No different than the way you want Christians and White people discriminated against and relegated to second-class citizenship status.

In a free society, some people will not like other people.


----------



## Uncensored2008 (Jul 28, 2011)

Zona said:


> And fox is not allowed to talk about its owner and the problems he has.  Say I am wrong..Its the biggest "news" story out there and they barely talk about it....



It's a non-news story, you simpering moron. The USA has plenty of news - the affairs of a British Tabloid are irrelevant. YOU want it to be a story because in your defective mind, you think that somehow this will result in silencing the opposition and revoking the 1st amendment.


----------



## Uncensored2008 (Jul 28, 2011)

Avatar4321 said:


> They are going to need to show that Maddow and MSNBC had malicious intent with their statements. It's a fairly high standards. So if anyone thinks they are going to have an easy case to prove, you are clearly mistaken.



The case will be summarily dismissed. The reason is that Maddow edited the words of Dean without alteration. In other words, she cut out preceding and following words, but the words she related were a faithful representation of the original. 

Dean has no case.


----------



## Warrior102 (Jul 28, 2011)

Here Libs - now it's on one of your "credible" news sources - Rachel Maddow Sued By Christian Rocker Bradlee Dean


----------



## Uncensored2008 (Jul 28, 2011)

jillian said:


> see, this is the thing about the right... if they disagree with someone, they must be a "buffoon" or ignorant... or somehow evil. sometimes you have to acknowledge that someone can be smart and still think you're wrong.



Certainly it's possible for someone to be smart and disagree with me or others.

Leftism has a history of failure, resulting in poverty an misery repeatedly. The man who holds a blow-torch to his hand once may be forgiven, the one who does so repeatedly must be recognized as a half-wit.

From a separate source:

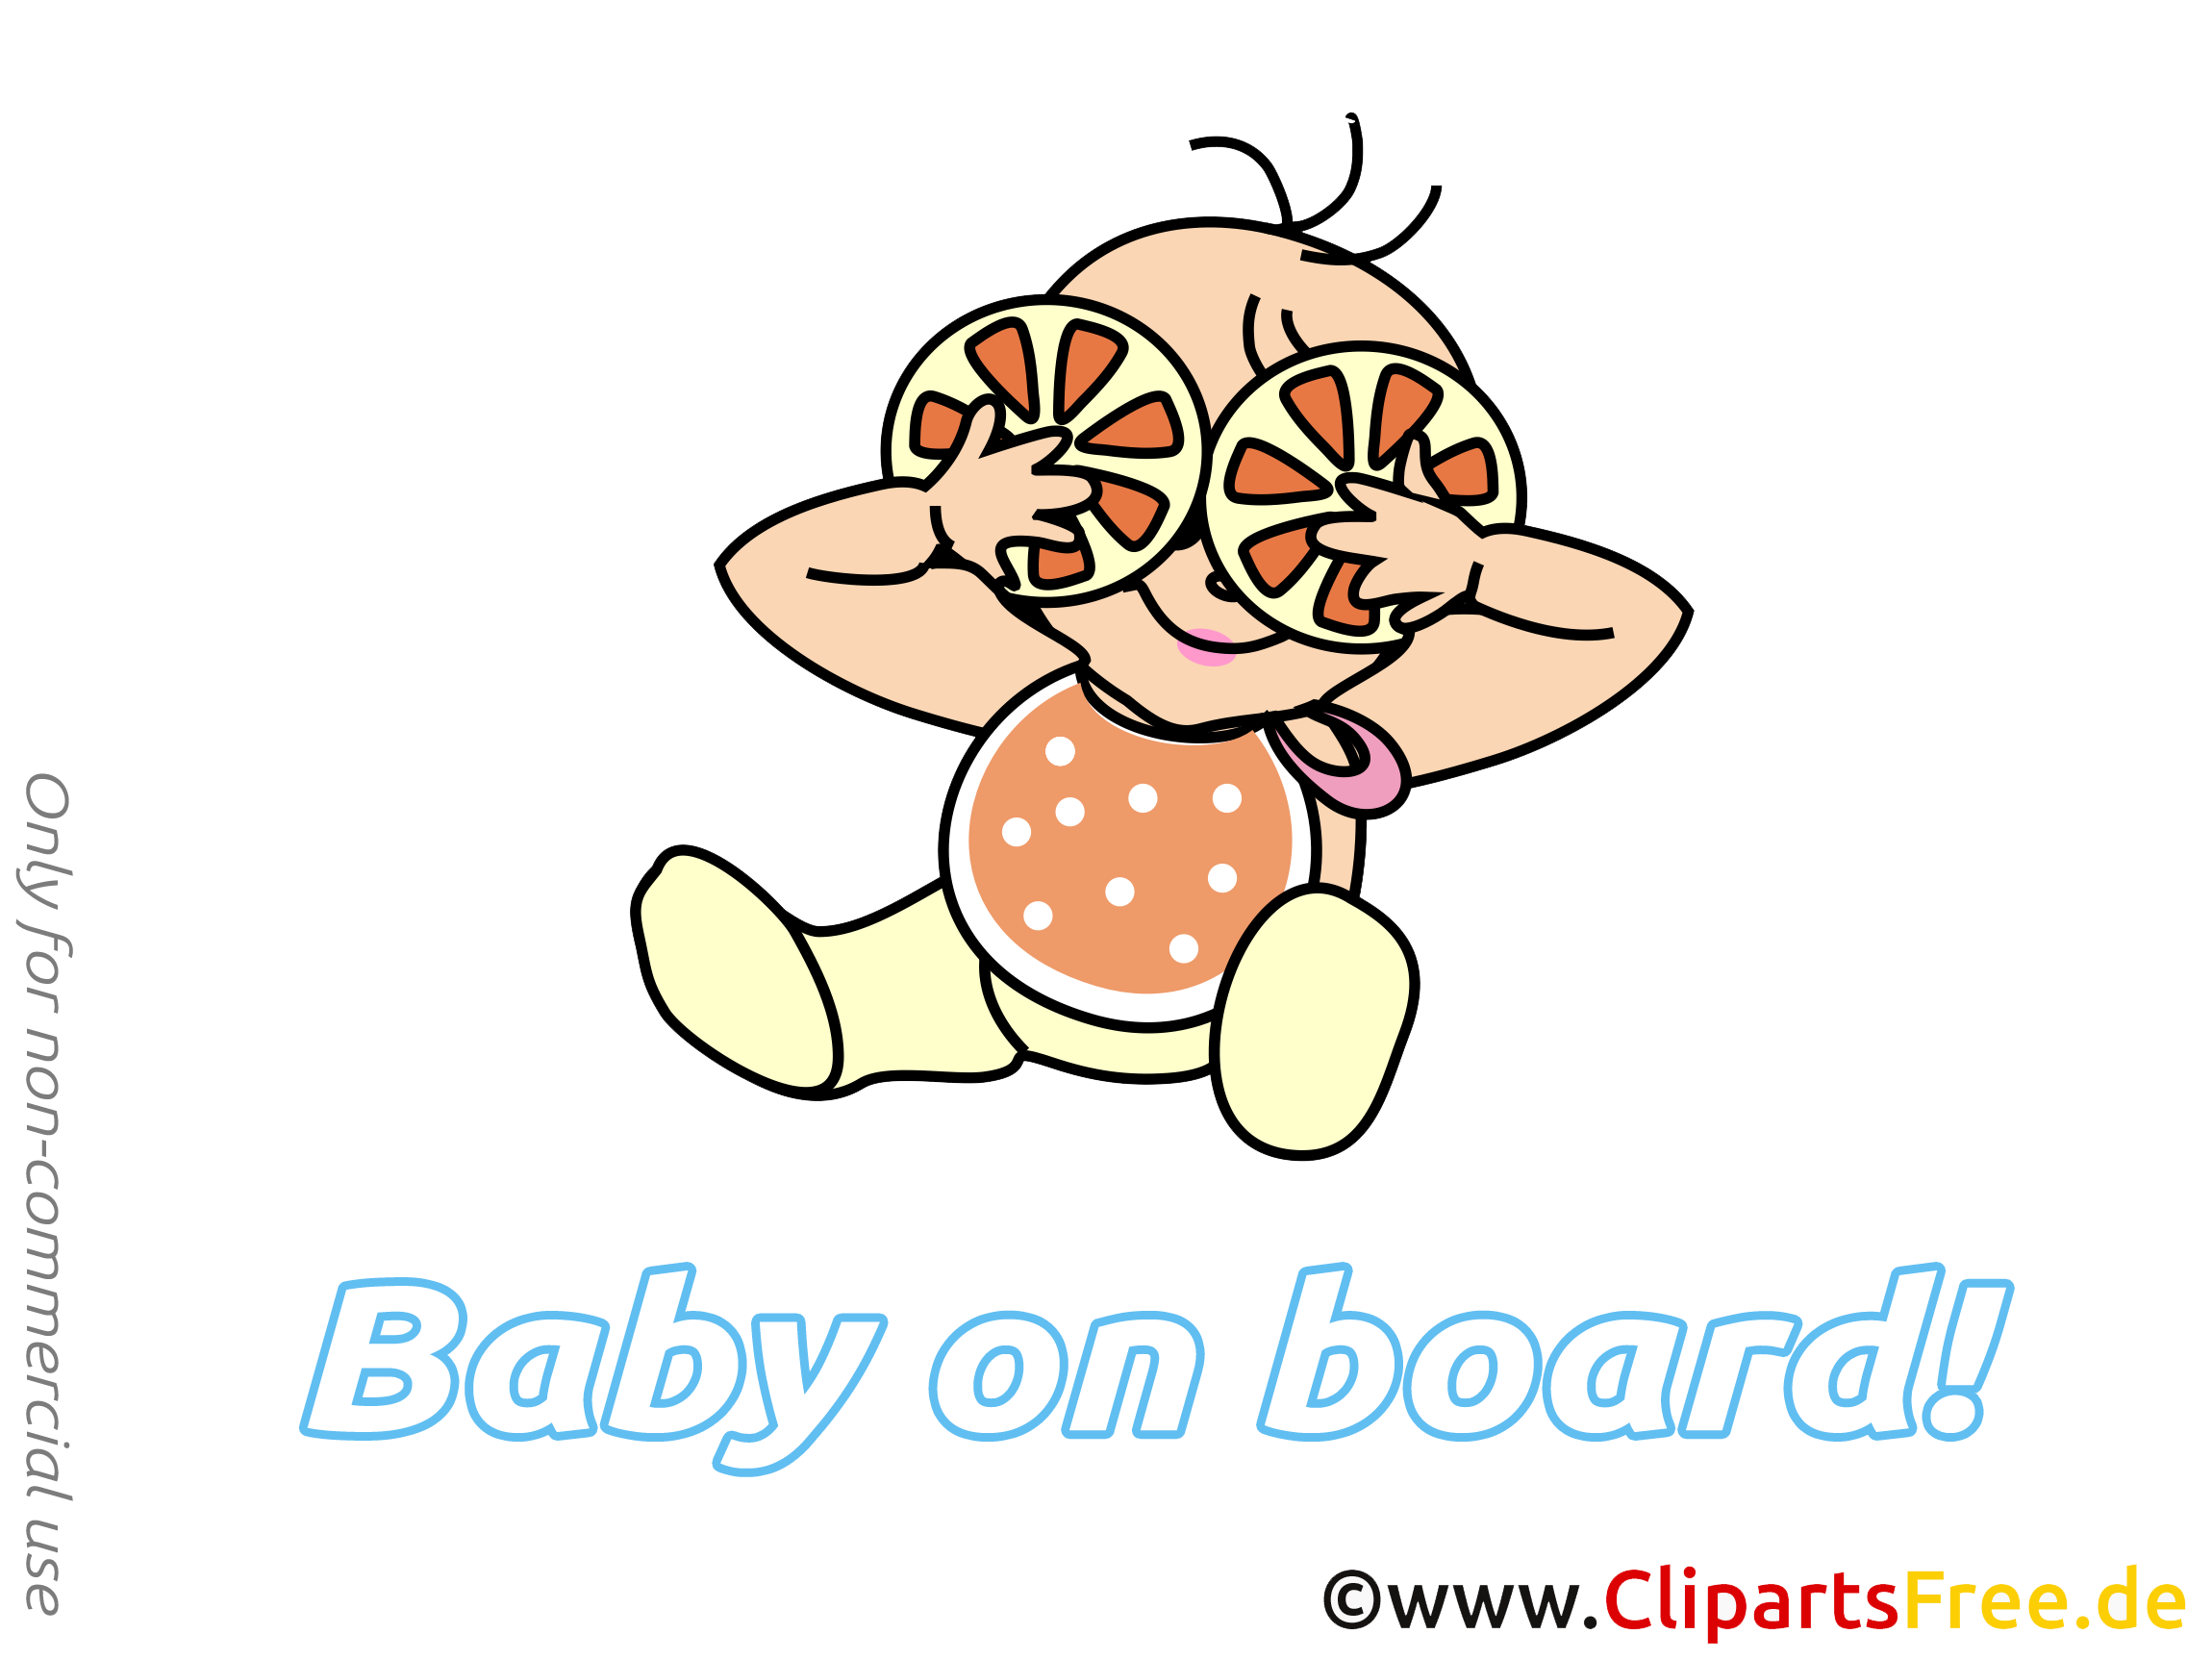 Clipart gratuit oranges – Bébé à bord images

The issue is Jillian, a substantial portion of the left is much like you, clearly and demonstrably slow of wit.


----------



## Sallow (Jul 28, 2011)

Warrior102 said:


> Here Libs - now it's on one of your "credible" news sources - Rachel Maddow Sued By Christian Rocker Bradlee Dean



And?

I still question the merits of the case. In the statement I quoted..which I will again:



> Muslims are calling for the execution for homosexuals in America, this was just released yesterday and it shows you that they themselves are upholding the laws that are even in the Bible, the Judeo Christian God. They seem to be more moral than even the American Christians do. Because these people are livid about enforcing their laws, they know homosexuality is an abomination. And I continually reach out to the homosexual communities on this radio show, and I warn them, which ones love? Here you have Obama condemning it behind the backs of the homosexuals but to their faces he's promoting it. I say this to my gay friends out there the ones that continuously nitpick everything I say. Hollywood is promoting immorality and the God of the Heavens in Jesus names is warning you to flee from the wrath to come, yet you have Muslims calling for your execution. If America won't enforce the laws, God will raise up a foreign enemy to do just that's what you're seeing in America today. Read Leviticus 26 America.
> 
> Read more: Rachel Maddow, MSNBC sued for defamation Rachel Maddow, MSNBC sued for defamation



What about Maddow's statements were defamatory?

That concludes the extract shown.